- Opening Delimiter -
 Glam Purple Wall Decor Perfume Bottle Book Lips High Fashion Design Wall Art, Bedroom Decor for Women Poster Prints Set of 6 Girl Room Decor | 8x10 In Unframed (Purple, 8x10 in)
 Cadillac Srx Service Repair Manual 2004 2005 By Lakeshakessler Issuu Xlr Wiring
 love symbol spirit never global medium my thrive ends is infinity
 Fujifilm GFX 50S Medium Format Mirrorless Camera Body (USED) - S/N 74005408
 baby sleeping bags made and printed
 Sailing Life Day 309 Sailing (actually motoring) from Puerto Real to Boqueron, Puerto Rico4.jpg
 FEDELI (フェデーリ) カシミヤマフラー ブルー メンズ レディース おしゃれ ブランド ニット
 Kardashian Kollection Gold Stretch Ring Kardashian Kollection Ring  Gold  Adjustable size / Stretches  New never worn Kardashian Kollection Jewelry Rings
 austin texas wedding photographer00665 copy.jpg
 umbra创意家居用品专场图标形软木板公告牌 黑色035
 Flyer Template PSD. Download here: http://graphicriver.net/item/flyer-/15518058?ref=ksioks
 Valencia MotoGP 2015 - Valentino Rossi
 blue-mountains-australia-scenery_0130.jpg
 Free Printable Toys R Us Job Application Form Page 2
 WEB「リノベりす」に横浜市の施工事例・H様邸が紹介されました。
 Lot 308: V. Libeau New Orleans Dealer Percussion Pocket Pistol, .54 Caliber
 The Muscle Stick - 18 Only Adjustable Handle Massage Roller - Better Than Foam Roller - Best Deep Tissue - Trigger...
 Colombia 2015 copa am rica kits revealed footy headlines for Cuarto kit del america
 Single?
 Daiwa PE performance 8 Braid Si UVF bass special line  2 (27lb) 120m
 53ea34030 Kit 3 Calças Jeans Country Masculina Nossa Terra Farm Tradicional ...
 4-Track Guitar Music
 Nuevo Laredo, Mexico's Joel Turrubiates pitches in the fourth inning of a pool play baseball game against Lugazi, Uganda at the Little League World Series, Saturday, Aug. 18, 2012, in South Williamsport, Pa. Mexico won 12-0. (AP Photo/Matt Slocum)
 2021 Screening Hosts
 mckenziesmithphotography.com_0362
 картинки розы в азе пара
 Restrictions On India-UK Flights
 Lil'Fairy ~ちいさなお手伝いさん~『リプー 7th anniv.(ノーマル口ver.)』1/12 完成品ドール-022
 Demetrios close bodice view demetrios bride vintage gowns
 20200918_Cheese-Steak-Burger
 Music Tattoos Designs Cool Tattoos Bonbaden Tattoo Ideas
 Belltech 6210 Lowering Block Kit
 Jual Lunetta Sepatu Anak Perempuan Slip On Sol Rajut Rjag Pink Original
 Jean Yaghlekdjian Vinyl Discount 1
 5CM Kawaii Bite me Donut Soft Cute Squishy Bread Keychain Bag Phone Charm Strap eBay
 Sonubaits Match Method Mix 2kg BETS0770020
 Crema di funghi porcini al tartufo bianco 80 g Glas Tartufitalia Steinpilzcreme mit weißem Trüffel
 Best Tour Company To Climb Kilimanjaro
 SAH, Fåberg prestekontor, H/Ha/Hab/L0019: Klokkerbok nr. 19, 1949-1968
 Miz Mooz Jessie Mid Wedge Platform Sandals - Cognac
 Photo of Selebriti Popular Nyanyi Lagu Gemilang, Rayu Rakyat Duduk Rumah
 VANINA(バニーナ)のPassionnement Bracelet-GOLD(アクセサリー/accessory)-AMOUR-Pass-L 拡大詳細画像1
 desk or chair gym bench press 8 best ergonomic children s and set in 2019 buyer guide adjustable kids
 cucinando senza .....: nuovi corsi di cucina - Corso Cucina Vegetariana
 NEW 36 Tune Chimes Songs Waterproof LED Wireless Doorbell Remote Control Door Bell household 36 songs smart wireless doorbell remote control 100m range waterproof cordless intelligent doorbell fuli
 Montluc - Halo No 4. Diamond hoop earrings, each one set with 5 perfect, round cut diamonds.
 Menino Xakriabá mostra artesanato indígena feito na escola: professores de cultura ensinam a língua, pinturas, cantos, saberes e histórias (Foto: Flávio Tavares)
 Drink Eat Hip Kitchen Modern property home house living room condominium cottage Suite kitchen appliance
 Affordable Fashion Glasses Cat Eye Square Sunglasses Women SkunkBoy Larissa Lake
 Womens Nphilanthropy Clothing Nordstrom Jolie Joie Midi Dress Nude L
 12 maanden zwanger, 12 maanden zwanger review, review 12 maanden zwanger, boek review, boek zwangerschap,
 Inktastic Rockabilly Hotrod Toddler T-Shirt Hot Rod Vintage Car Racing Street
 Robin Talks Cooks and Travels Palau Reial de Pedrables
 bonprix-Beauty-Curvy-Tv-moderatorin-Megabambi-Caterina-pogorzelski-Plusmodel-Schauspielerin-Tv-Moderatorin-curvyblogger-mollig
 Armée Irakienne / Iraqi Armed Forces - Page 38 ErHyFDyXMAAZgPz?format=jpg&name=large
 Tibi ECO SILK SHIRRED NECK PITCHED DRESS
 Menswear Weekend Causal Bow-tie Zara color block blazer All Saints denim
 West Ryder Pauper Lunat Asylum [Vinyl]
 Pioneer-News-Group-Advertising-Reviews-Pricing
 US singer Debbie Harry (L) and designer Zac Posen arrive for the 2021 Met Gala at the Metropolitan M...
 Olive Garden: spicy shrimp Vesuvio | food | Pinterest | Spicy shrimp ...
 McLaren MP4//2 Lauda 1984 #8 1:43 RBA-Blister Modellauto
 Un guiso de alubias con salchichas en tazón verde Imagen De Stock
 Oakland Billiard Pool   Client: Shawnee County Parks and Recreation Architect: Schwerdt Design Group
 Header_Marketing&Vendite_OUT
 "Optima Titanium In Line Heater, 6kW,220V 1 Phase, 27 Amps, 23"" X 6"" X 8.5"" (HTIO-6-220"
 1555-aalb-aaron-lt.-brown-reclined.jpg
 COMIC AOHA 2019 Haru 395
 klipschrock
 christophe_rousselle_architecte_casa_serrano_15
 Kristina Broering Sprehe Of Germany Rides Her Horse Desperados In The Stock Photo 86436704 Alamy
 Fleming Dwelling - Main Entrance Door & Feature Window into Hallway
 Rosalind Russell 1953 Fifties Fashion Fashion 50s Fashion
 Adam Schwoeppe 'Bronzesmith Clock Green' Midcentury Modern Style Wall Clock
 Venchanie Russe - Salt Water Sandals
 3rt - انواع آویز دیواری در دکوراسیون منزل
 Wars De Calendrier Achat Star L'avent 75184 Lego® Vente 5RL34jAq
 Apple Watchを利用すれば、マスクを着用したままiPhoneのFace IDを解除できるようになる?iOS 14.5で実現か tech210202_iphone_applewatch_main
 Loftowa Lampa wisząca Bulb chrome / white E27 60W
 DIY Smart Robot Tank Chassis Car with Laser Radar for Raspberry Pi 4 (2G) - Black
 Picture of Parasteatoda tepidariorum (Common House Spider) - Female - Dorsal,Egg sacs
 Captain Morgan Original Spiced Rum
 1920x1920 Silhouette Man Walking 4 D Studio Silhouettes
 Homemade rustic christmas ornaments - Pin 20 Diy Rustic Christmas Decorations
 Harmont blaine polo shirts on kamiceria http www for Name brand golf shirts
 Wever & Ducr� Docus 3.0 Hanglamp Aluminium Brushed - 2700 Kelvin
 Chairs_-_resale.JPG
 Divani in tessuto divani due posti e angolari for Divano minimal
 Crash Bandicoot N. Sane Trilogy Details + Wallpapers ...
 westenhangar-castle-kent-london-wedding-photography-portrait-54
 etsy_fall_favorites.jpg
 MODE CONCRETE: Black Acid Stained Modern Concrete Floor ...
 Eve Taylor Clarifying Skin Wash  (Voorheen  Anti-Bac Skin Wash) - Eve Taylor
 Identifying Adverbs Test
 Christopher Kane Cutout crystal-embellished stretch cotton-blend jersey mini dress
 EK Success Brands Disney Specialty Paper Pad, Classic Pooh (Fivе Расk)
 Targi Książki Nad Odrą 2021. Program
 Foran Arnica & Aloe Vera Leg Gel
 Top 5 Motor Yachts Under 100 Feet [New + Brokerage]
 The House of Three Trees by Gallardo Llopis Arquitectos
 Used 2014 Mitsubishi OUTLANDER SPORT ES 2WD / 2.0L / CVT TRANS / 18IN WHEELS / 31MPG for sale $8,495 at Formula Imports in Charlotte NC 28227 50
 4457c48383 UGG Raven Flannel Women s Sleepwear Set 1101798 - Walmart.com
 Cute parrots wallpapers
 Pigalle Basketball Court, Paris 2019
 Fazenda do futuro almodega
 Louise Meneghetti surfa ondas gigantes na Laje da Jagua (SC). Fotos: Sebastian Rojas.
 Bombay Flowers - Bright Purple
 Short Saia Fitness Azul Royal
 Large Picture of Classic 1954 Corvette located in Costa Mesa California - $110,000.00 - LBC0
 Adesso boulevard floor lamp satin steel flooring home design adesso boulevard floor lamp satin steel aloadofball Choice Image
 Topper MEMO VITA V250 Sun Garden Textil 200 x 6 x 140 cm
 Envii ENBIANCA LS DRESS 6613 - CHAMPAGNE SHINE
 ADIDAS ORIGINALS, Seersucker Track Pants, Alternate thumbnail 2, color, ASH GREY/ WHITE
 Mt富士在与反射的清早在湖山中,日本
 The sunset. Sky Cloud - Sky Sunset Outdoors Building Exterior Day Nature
- Closing Delimiter -
What the task asks> Write down, word for word, the lines above from the one containing "austin texas wedding" through the one containing "blue-mountains-australia-scenery_0130.jpg", both ends included.

Expected answer>
 austin texas wedding photographer00665 copy.jpg
 umbra创意家居用品专场图标形软木板公告牌 黑色035
 Flyer Template PSD. Download here: http://graphicriver.net/item/flyer-/15518058?ref=ksioks
 Valencia MotoGP 2015 - Valentino Rossi
 blue-mountains-australia-scenery_0130.jpg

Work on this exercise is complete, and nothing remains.